UNITED STATES COURT OF APPEALS FOR THE SIXTH CIRCUIT
Feb 20, 2015
602 F. App'x 242 (6th Cir. 2015)

Summary

concluding that reasonable jury could find two sales of software license bona fide use

Summary of this case from Perry v. H. J. Heinz Co.

Opinion

No. 14-3118

02-20-2015

NETJETS INC.; COLUMBIA INSURANCE COMPANY, Plaintiffs-Appellants, v. INTELLIJET GROUP, LLC, dba IntelliJet International, Defendant-Appellee.


NOT RECOMMENDED FOR PUBLICATION
File Name: 15a0138n.06
ON APPEAL FROM THE UNITED STATES DISTRICT COURT FOR THE SOUTHERN DISTRICT OF OHIO OPINION BEFORE: BOGGS, SUTTON, STRANCH, Circuit Judges

JANE B. STRANCH, Circuit Judge. This case is a dispute between two companies that provide services involving private airplanes about who should be able to use the mark INTELLIJET. NetJets Inc. developed internal management software in 1995, named it IntelliJet, and registered the trademark in connection with software. IntelliJet Group, LLC began operating under the name "IntelliJet International" in 2005. On IntelliJet Group's motion for summary judgment, the district court determined that NetJets (and the owner of its intellectual property, Columbia Insurance Company) had abandoned, through nonuse, any interest it may have held in the mark and that it therefore did not own any interest in the INTELLIJET mark that could be enforced through the Lanham Act, 15 U.S.C. § 1051 et seq., or through Ohio statutory or common law. It also canceled NetJets's registered trademark on the ground of abandonment. Because the district court failed to consider some of NetJets's uses of the INTELLIJET mark, we REVERSE and REMAND for further proceedings.

I. BACKGROUND

NetJets, Inc. is a private-aviation company that specializes in 'fractional ownership' of private airplanes (essentially a time-share in a private jet); aircraft leasing services; private-jet services without ownership of the plane through charter services and 'jet cards'; private-plane management services; and sale of used airplanes. NetJets has transferred all of its intellectual property to Columbia Insurance Company. Columbia licenses NetJets to use the intellectual property and to sublicense the intellectual property, subject to Columbia's approval.

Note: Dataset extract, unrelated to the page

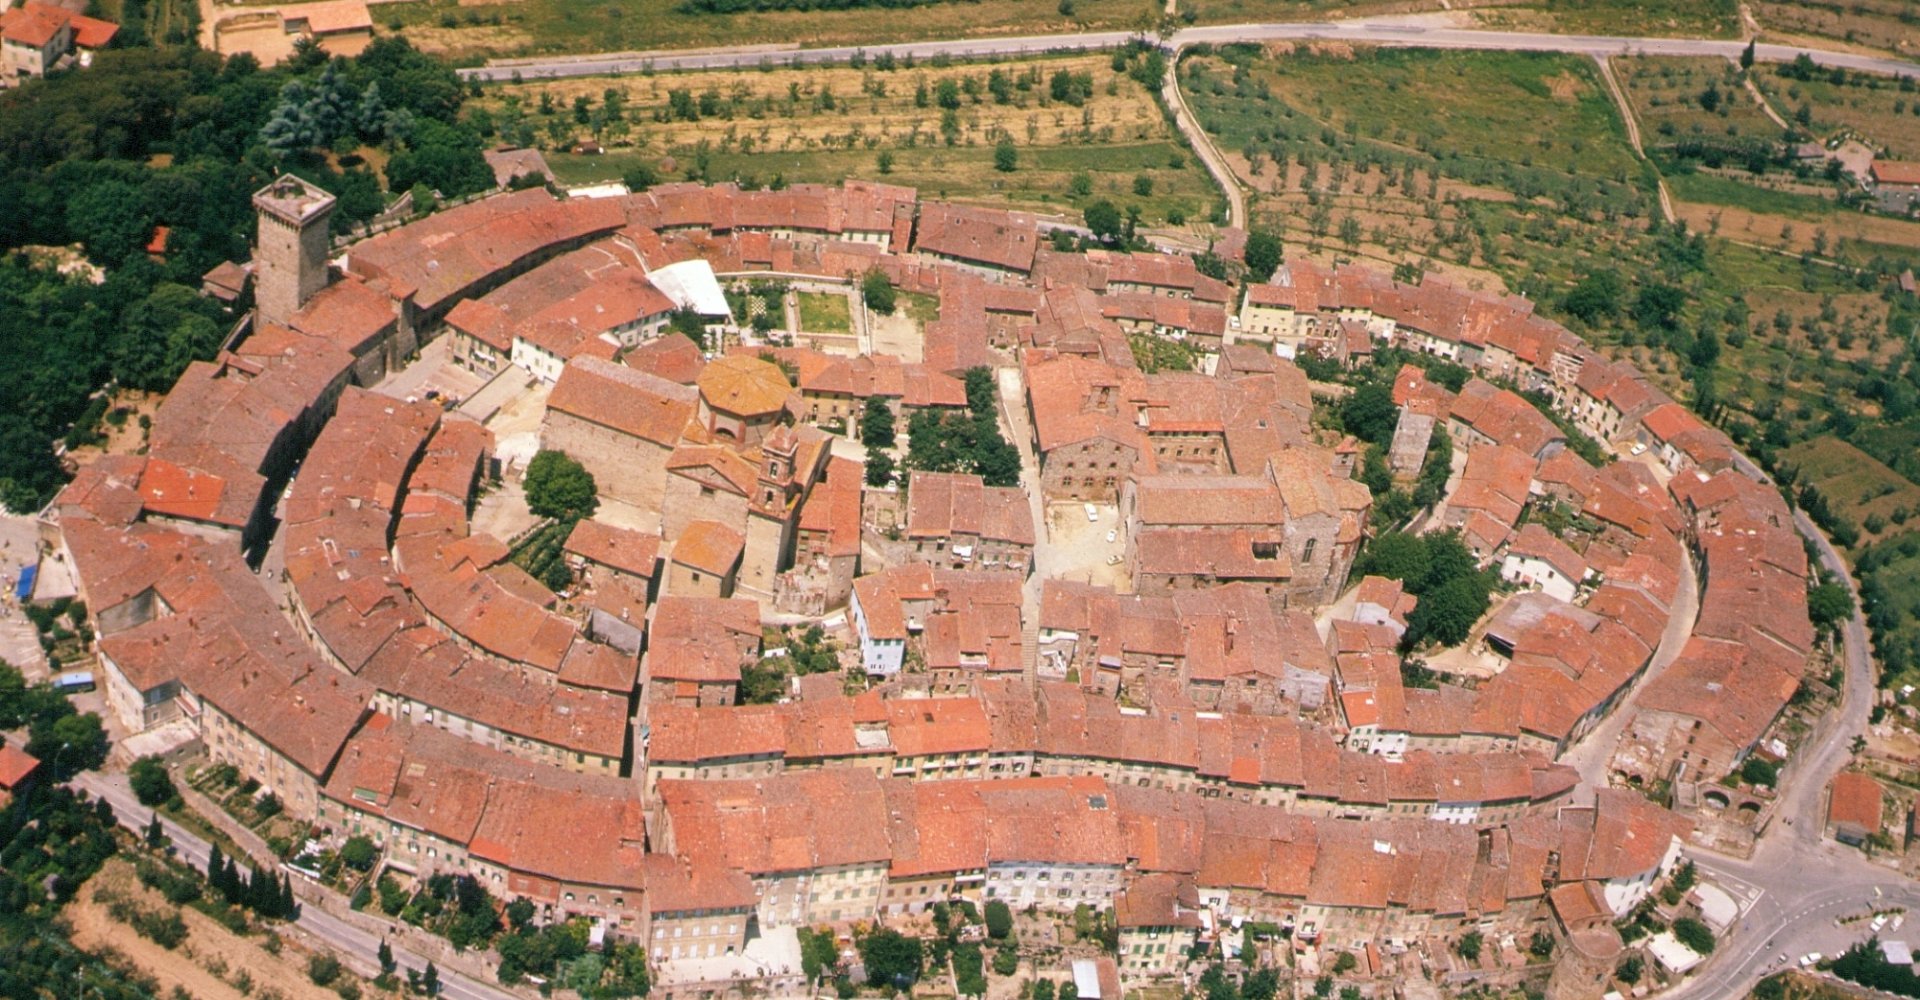 Lucignano from above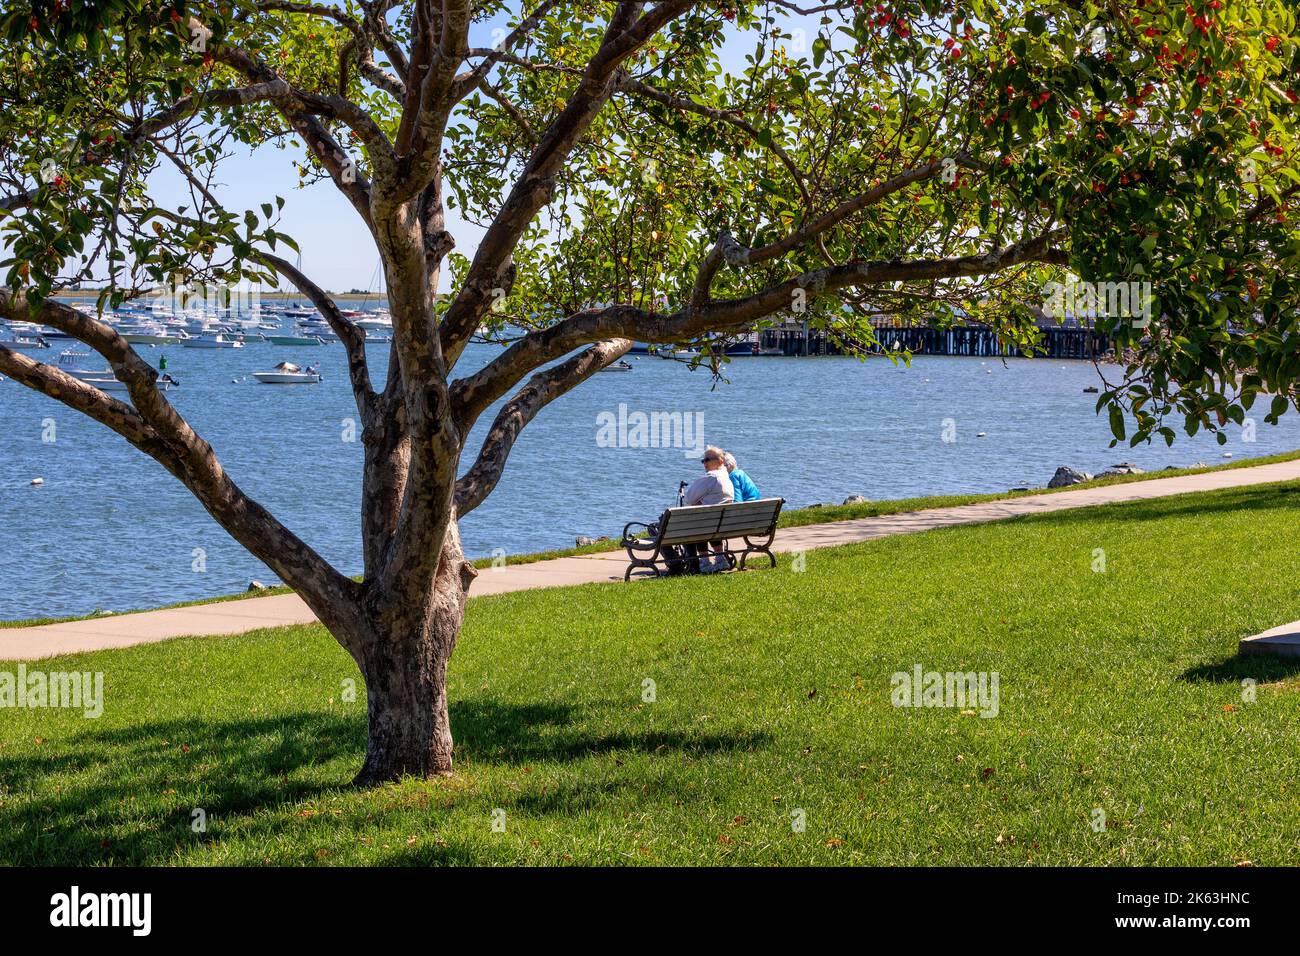 Plymouth, Massachusetts, USA - September 15, 2022: Two people sit on a bench enjoying the view of the harbor on a sunny fall day. Stock Photo

In July 1995, NetJets's predecessor company developed a software program to "run [the company's] business," and named the program IntelliJet. Later that year, the company applied to register the trademark INTELLIJET with the United States Patent and Trademark Office in connection with the good of "computer software for managing the business of aircraft leasing and sales." The application was approved and the Patent and Trademark Office issued Registration Certificate No. 2,025,410. NetJets continued to use and to improve the IntelliJet software, developing a new and expanded version called IntelliJet II. In 2002, the company filed a "declaration of use & incontestability" stating that the mark was being used in commerce, pursuant to 15 U.S.C. §§ 1058 and 1065, which was accepted by the Patent and Trademark Office.

IntelliJet Group LLC was founded in 2005 and is primarily a broker for private jet purchases. IntelliJet Group attempted to expand into management and leasing services, but the venture was not successful. They currently offer referrals for such services. The company's sales-tracking software is named "IntelliShit."

NetJets and Columbia filed this lawsuit in January 2012, bringing four claims against IntelliJet: (1) trademark infringement under the Lanham Act, 15 U.S.C. § 1051 et seq., and under Ohio common law; (2) false designation of origin under the Lanham Act, 15 U.S.C. § 1125; (3) deceptive trade practices under Ohio Rev. Code § 4165.01 et seq.; and (4) common-law unfair competition and injury to business reputation. IntelliJet answered and filed a counterclaim for cancellation of NetJets's trademark registration on the grounds that NetJets abandoned it and that it was void ab initio. IntelliJet moved for summary judgment on the plaintiffs' Lanham Act claims and on its counterclaim to cancel the trademark registration for INTELLIJET.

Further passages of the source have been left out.